Five trends that will influence post-pandemic business strategy

05 May 2021 David Shapiro, Chief Global Equity Strategist at Sasfin Wealth
David Shapiro, Chief Global Equity Strategist at Sasfin Wealth

David Shapiro, Chief Global Equity Strategist at Sasfin Wealth

As South Africa heads into winter, the northern hemisphere heads into summer – but regardless of where you live, everything is different all over again, with experts seeming to agree that we’re closer to the end of the pandemic than we are to the beginning.

Global markets are already showing positive signs, with reflation continuing apace, and the IMF anticipating a 6% global growth for the remainder of 2021. What does the landscape against which that growth will take place look like – and what will the main trends leading it be?

Revenge socialising
People have been isolated from their friends and family for more than a year and have had to stay away from public spaces, hospitality locations, and entertainment destinations. The rollout of the COVID-19 vaccine means that everyone’s going to be able to let off steam as confidence grows - travel, shopping and socialising are going to be big themes in the next 12 months and beyond.

Shopping will look different – for shoppers and retailers
While many customers who turned to online shopping during the pandemic will return for an in-store experience, retailers are going to have to adapt to the changing environment, balancing the costs of brick-and-mortar stores with slick and effective online environments.

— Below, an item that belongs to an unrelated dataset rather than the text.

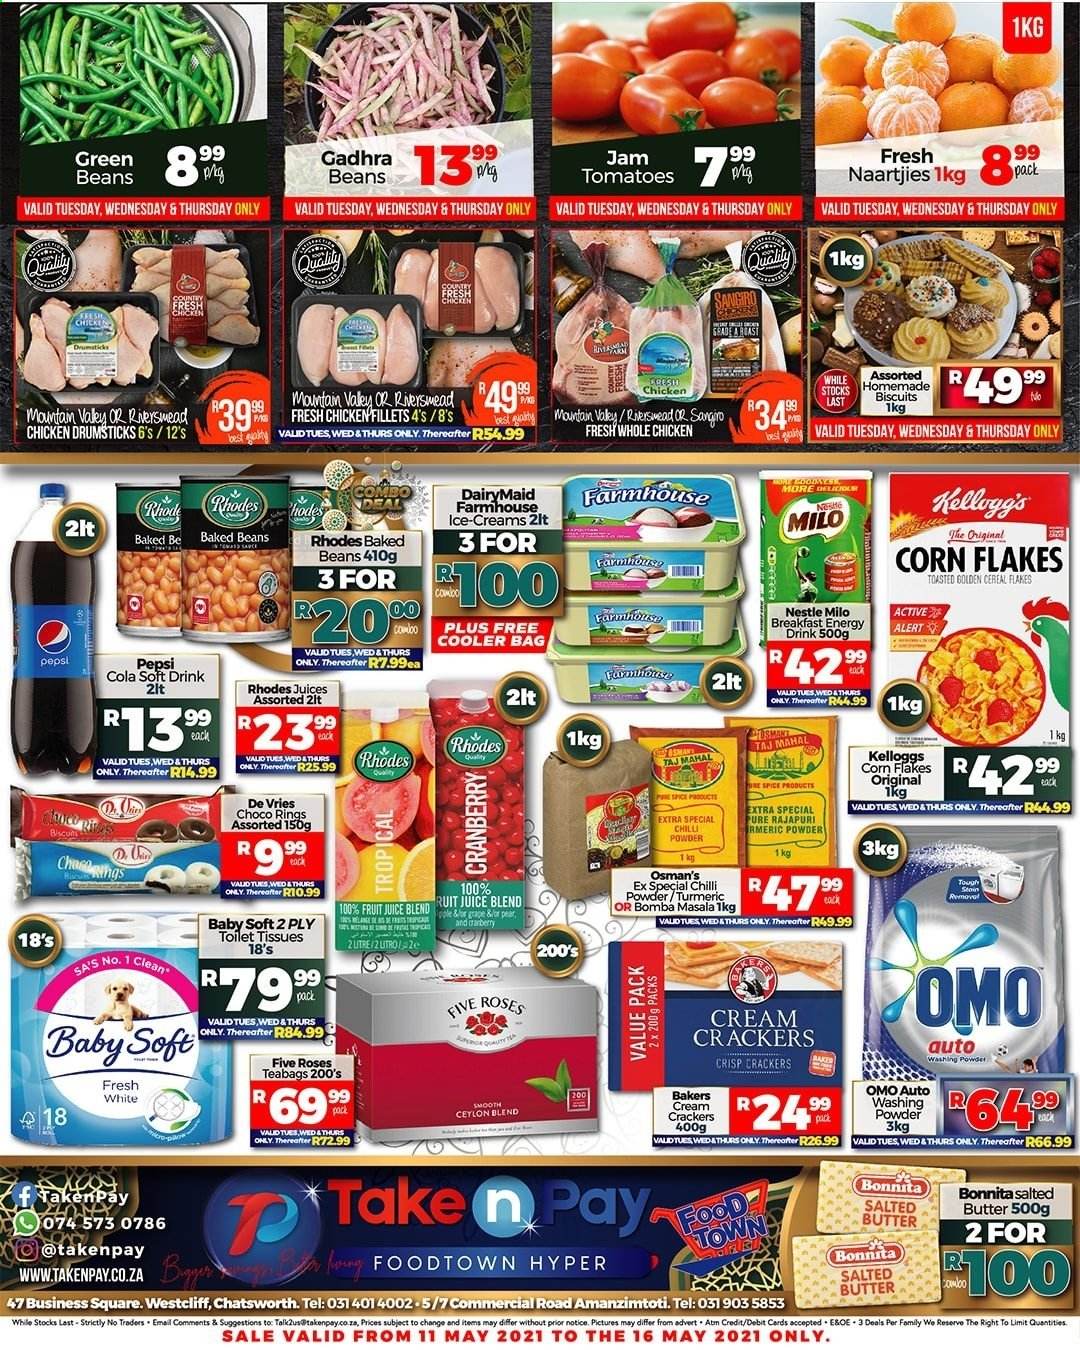 Take n Pay specials - 05.11.2021 - 05.16.2021.

Dynamic advertising and marketing tactics have changed how brands engage with customers, and social media has brought producers and consumers closer together, too, eliminating middlemen (like wholesalers). This is already seen in the shift by brands like Nike and Adidas to sell directly to end-users rather than via retailers.

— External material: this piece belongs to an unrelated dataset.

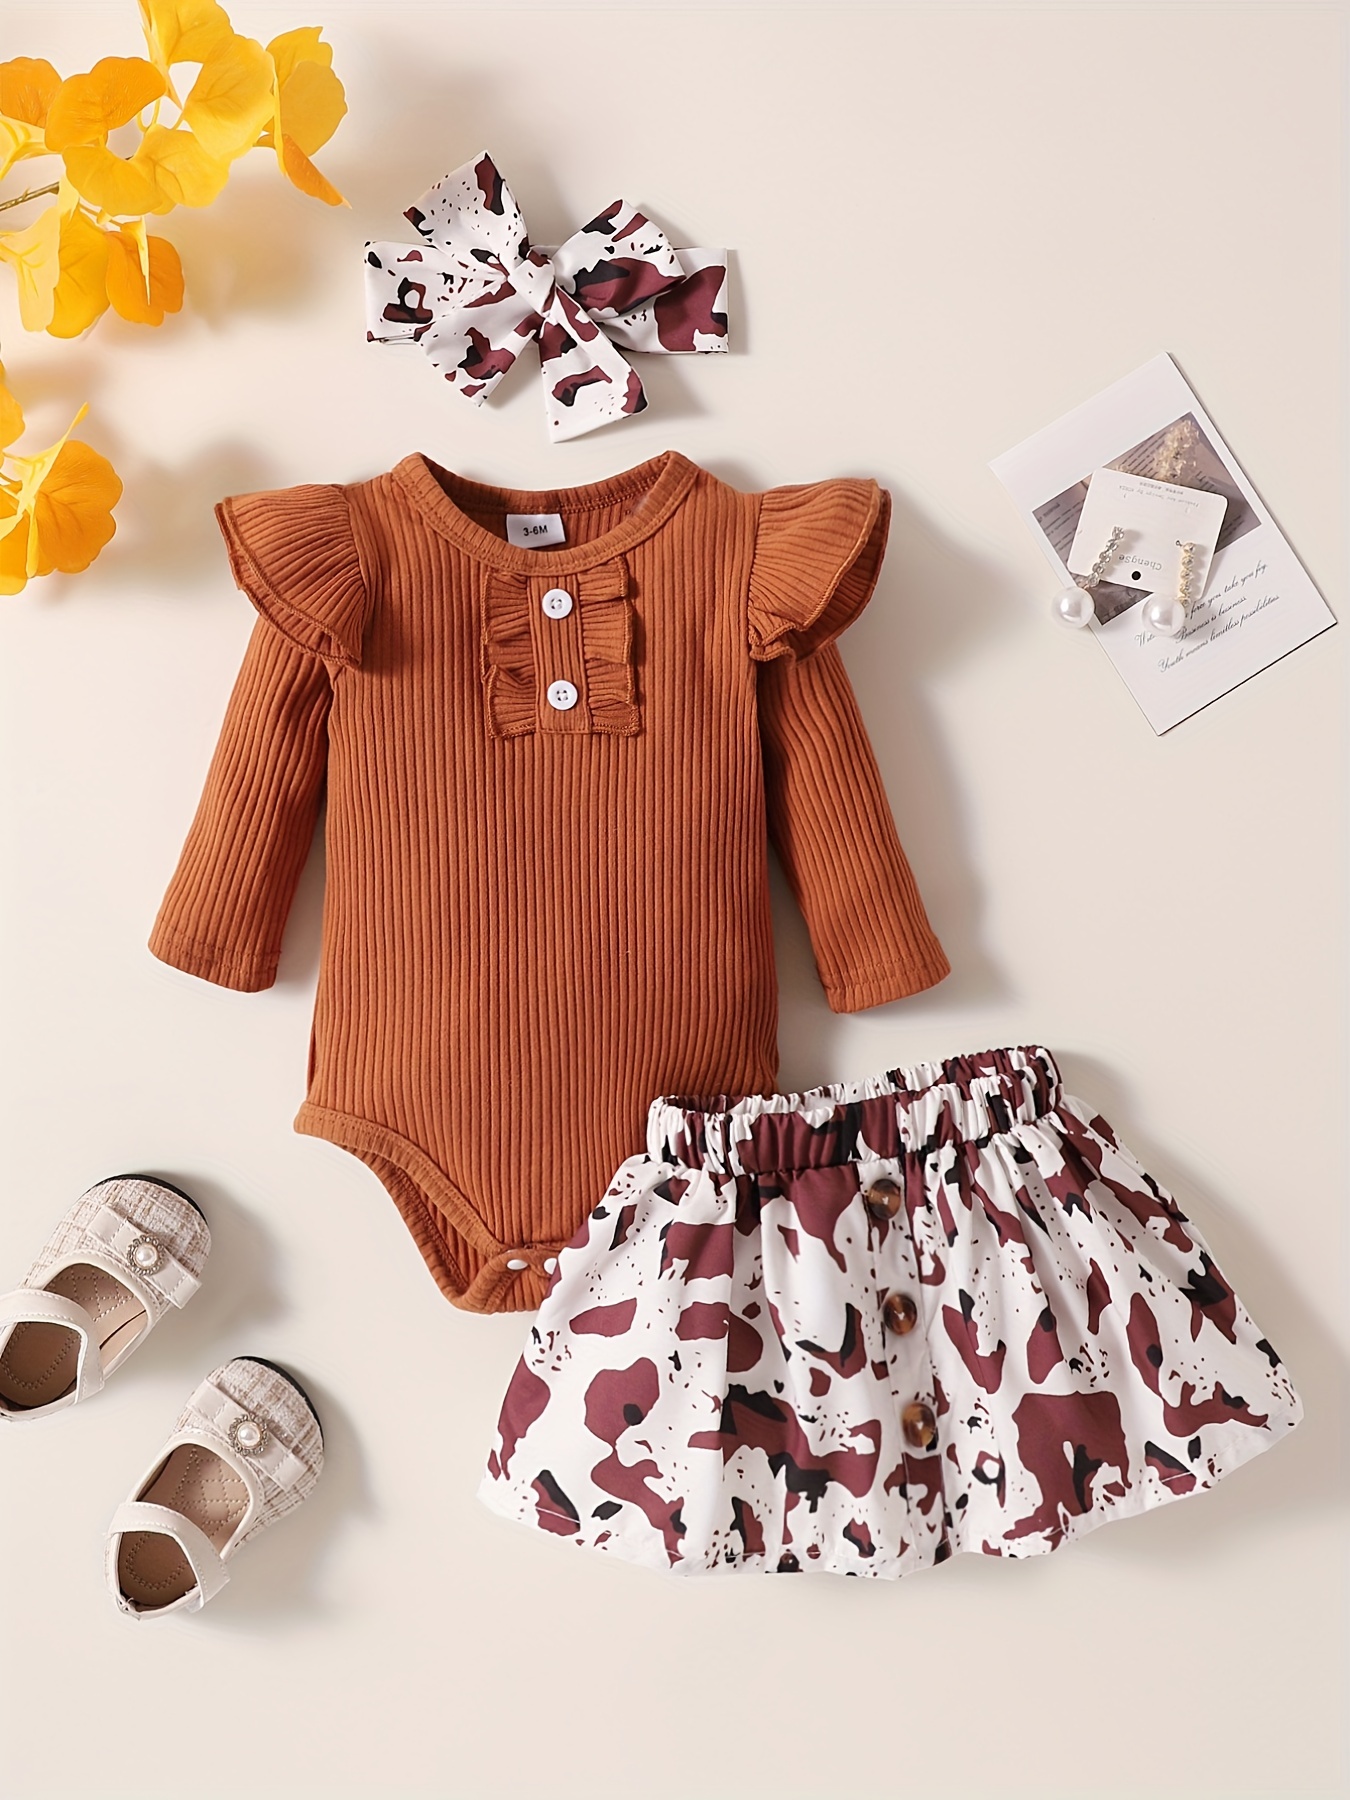 Baby Girl Clothes Outfits , Ruffle Romper Pants

E-commerce sites will evolve even more, with chatbots and virtual assistants becoming more commonplace, while augmented reality will help online shoppers better understand what that clothing item, make-up, or furniture will look like in their environment.

Cashless will be king
Cashless transactions have grown in leaps and bounds, rapidly becoming more sophisticated as people have sought ways to avoid touching public surfaces. So much more will be made possible as 5G rolls out, with this transformative tech bringing even more new opportunities for ventures from remote surgery to driverless vehicles.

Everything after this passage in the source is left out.